Le candidat Fillon est pour le développement de l’apprentissage. L’idée est de « détacher l’Éducation nationale sur le sujet pour confier l’apprentissage aux Régions et aux branches professionnelles », a expliqué Cyrille Bréro. François Fillon propose par ailleurs une « exonération totale des charges patronales » qui serait financée par la suppression des contrats de génération, des emplois d’avenir.

« Le candidat propose à des jeunes de 16 ans de devenir micro entrepreneurs. Cela va tuer l’apprentissage », a alerté l’animateur, « ça nous est incompréhensible ». Cyrille Bréro a rappelé l’intention de régionaliser les formations pour adapter l’apprentissage aux besoins du territoire. Avant d’ajouter que cette proposition serait « une ineptie » dans le secteur du bâtiment.

Orientation du budget. Le candidat LR est pour le maintien des dispositifs fiscaux concernant le bâtiment. François Fillon veut « mettre en place des programmes de requalification des centres anciens », et « libérer les travaux, le code du travail, pour libérer les énergies ».

En conclusion. « L’axe N°1 du programme de François Fillon est l’emploi. Offrir des cadres législatifs et une protection sociale plus adaptés ; diminuer les charges, réformer la formation, valoriser l’apprentissage ; rétablir équité des formes de travail ».

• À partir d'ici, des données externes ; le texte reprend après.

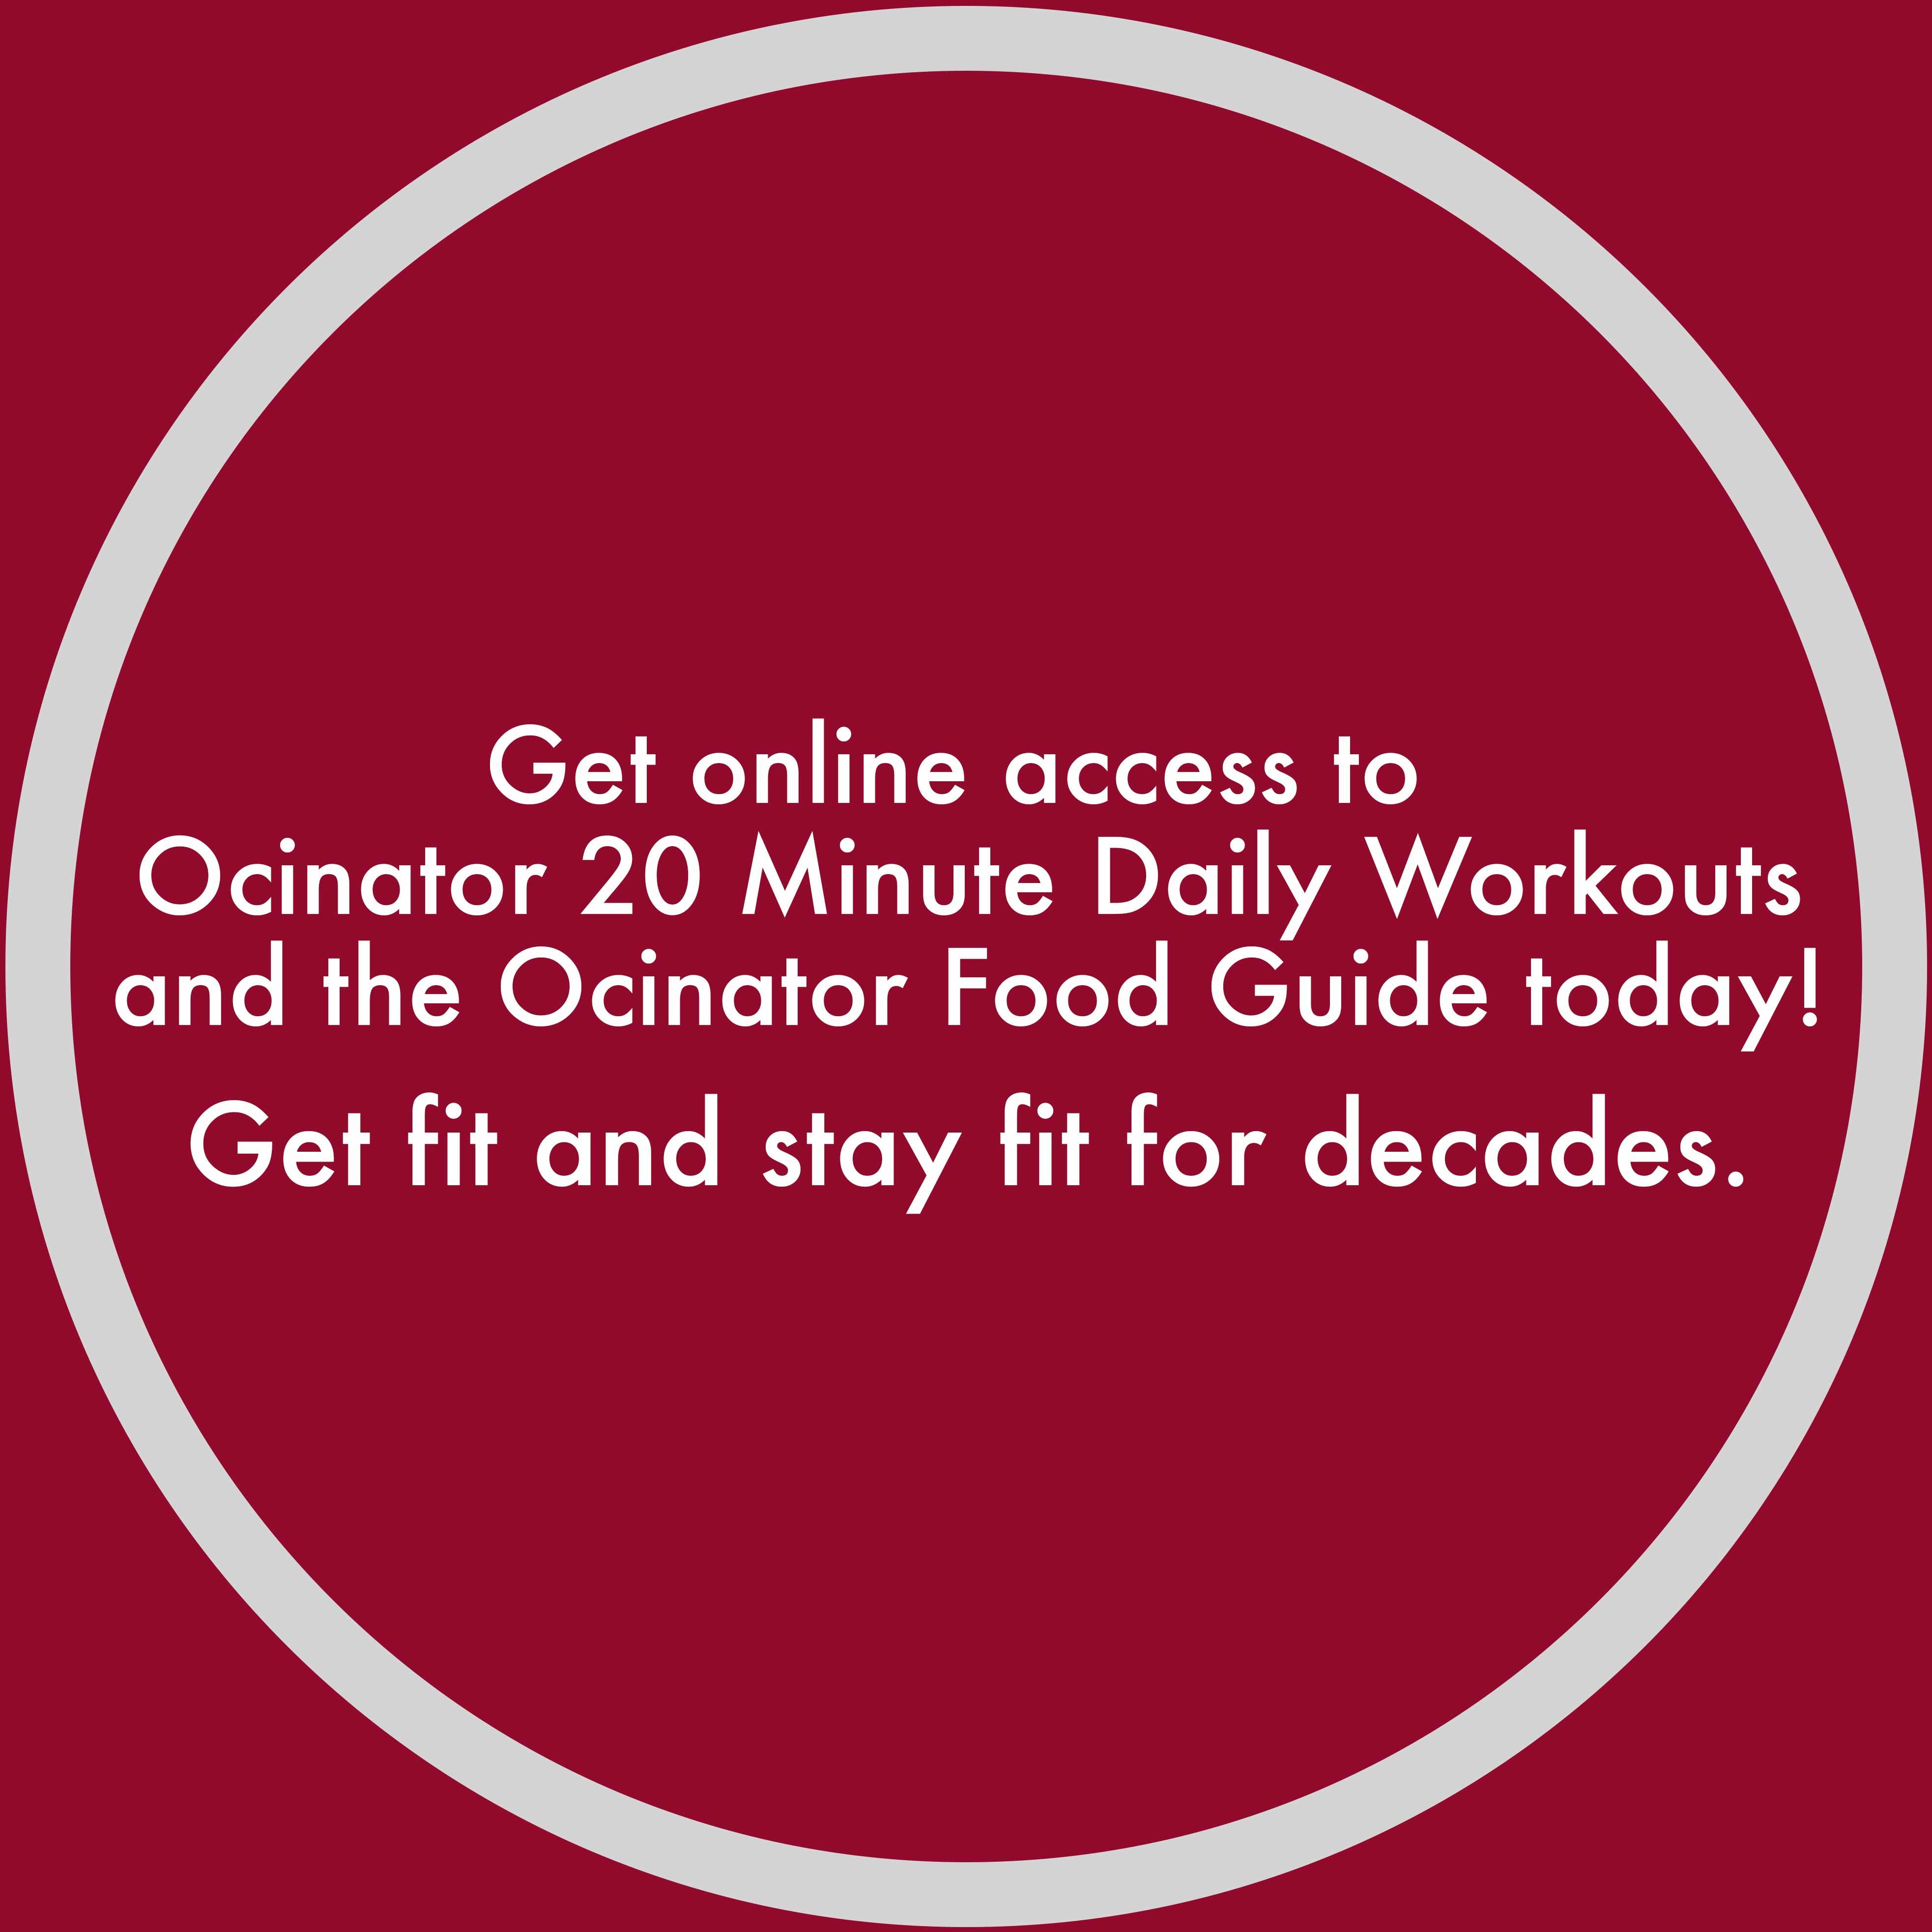 Get online access to ocinator Homepage

Julien Acard, conseiller municipal de Besançon,
pour Marine Le Pen

Le FN est favorable à la concurrence. La candidate propose une progressivité de l’impôt en fonction du chiffre d’affaires (15,5 % en dessous de 75 000 euros ; 24 % au dessus de 75 000 euros ; 33 % pour les grands groupes).

Paul-Henri Bard a rappelé les inquiétudes du syndicat sur les propositions de la candidate frontiste sur le régime social. A savoir la mise en place d’un régime spécifique, et la possibilité de choisir le montant de leurs cotisations. Julien Acard a confirmé la volonté de supprimer le RSI pour une affiliation au régime général et la volonté de mette en œuvre l’autodéclaration. « Beaucoup d’entre nous risquent de ne plus payer leurs cotisations dès demain matin ! », a souri l’animateur du débat.

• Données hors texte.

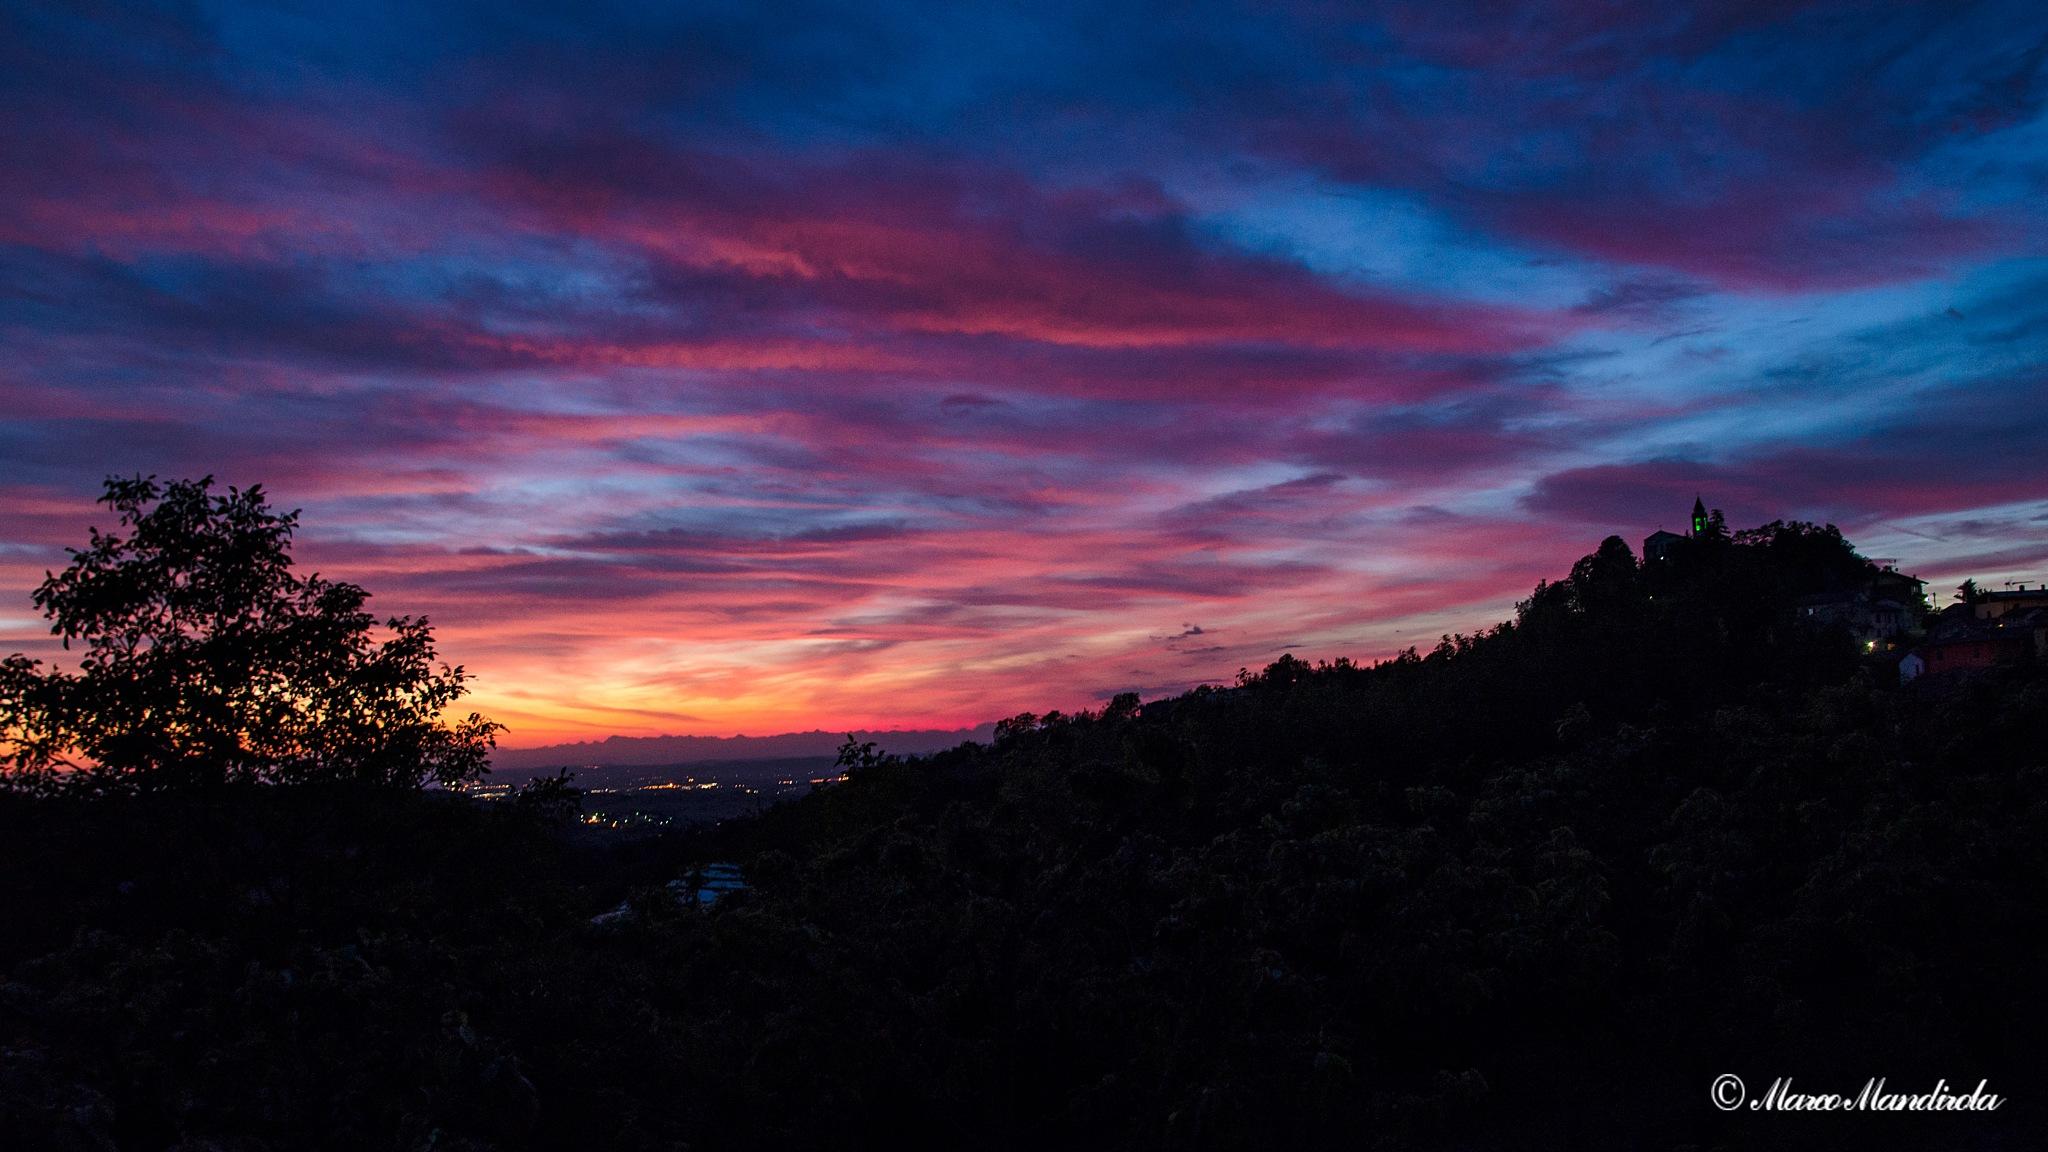 Colorful sunset by Marco Mandirola

« Marine Le Pen propose un développement massif de l’apprentissage. Comment ? », a interrogé Paul-Henri Bard. La candidate du FN propose l’apprentissage à partir de 14 ans ; la réduction des normes d’accueil ; et des aides à l’embauche pour pérenniser l’apprenti dans l’entreprise.

Côté emploi, le FN veut instaurer une « priorité nationale à l’emploi », « supprimer les produits qui ne correspondent pas à certaines normes ; taxer les biens importés à 3 % ». Pour Le Pen, la question de l’emploi est « celle de la croissance » avec « un retour à une monnaie nationale ».

La candidate Le Pen veut créer un grand ministère de l’aménagement du territoire, du logement et des transports. L’objectif est de « simplifier les normes d’urbanisation et de construction ». Elle propose le maintien et le développement des dispositifs fiscaux en vigueur. Elle souhaite le développement du logement social et de l’accès à la propriété privée.

« Marine (Le Pen) propose un projet de civilisation global », « l’activité économique n’est qu’un pan du programme ». Ces élections sont l’occasion de dire « stop ou encore », a conclu Julien Acard.